Exploiting the Asymmetric Uncertainty Structure of Pre-trained VLMs on the Unit Hypersphere
- URL: http://arxiv.org/abs/2505.11029v1
- Date: Fri, 16 May 2025 09:24:29 GMT
- Title: Exploiting the Asymmetric Uncertainty Structure of Pre-trained VLMs on the Unit Hypersphere
- Authors: Li Ju, Max Andersson, Stina Fredriksson, Edward Glöckner, Andreas Hellander, Ekta Vats, Prashant Singh,
- Abstract summary: We propose AsymVLM to build probabilistic embeddings from pre-trained vision-language models on the unit hypersphere, enabling uncertainty quantification.<n>We validate the effectiveness of the probabilistic embeddings on established benchmarks, and present comprehensive ablation studies demonstrating the inherent nature of asymmetry in the uncertainty structure of textual and visual data.
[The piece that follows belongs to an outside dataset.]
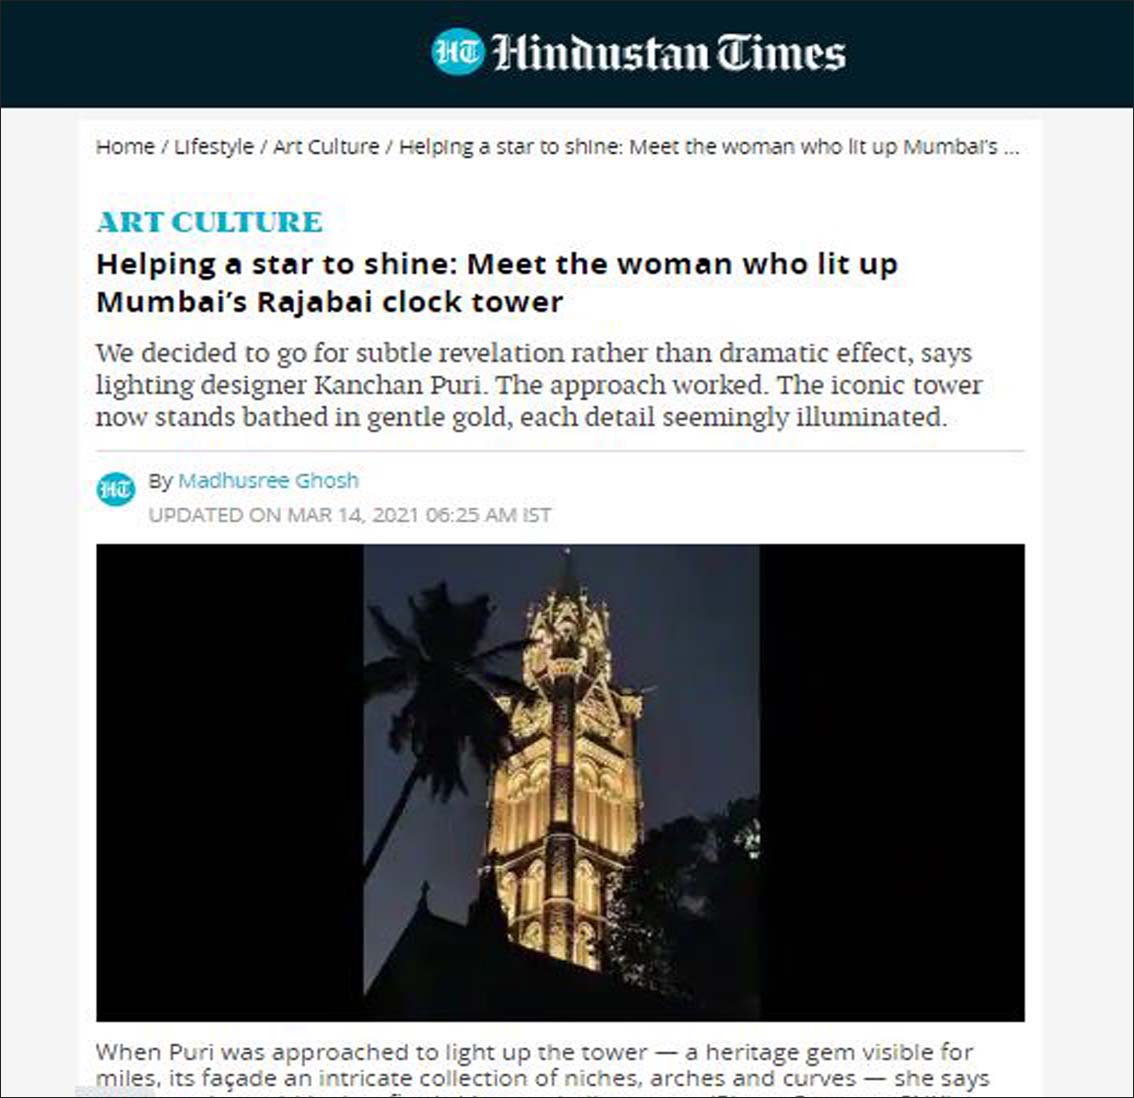 Helping a star to shine: Meet the woman who lit up Mumbai’s Rajabai clock tower

- Score: 0.301138495170623
- License: http://creativecommons.org/licenses/by/4.0/
- Abstract: Vision-language models (VLMs) as foundation models have significantly enhanced performance across a wide range of visual and textual tasks, without requiring large-scale training from scratch for downstream tasks. However, these deterministic VLMs fail to capture the inherent ambiguity and uncertainty in natural language and visual data. Recent probabilistic post-hoc adaptation methods address this by mapping deterministic embeddings onto probability distributions; however, existing approaches do not account for the asymmetric uncertainty structure of the modalities, and the constraint that meaningful deterministic embeddings reside on a unit hypersphere, potentially leading to suboptimal performance. In this paper, we address the asymmetric uncertainty structure inherent in textual and visual data, and propose AsymVLM to build probabilistic embeddings from pre-trained VLMs on the unit hypersphere, enabling uncertainty quantification. We validate the effectiveness of the probabilistic embeddings on established benchmarks, and present comprehensive ablation studies demonstrating the inherent nature of asymmetry in the uncertainty structure of textual and visual data.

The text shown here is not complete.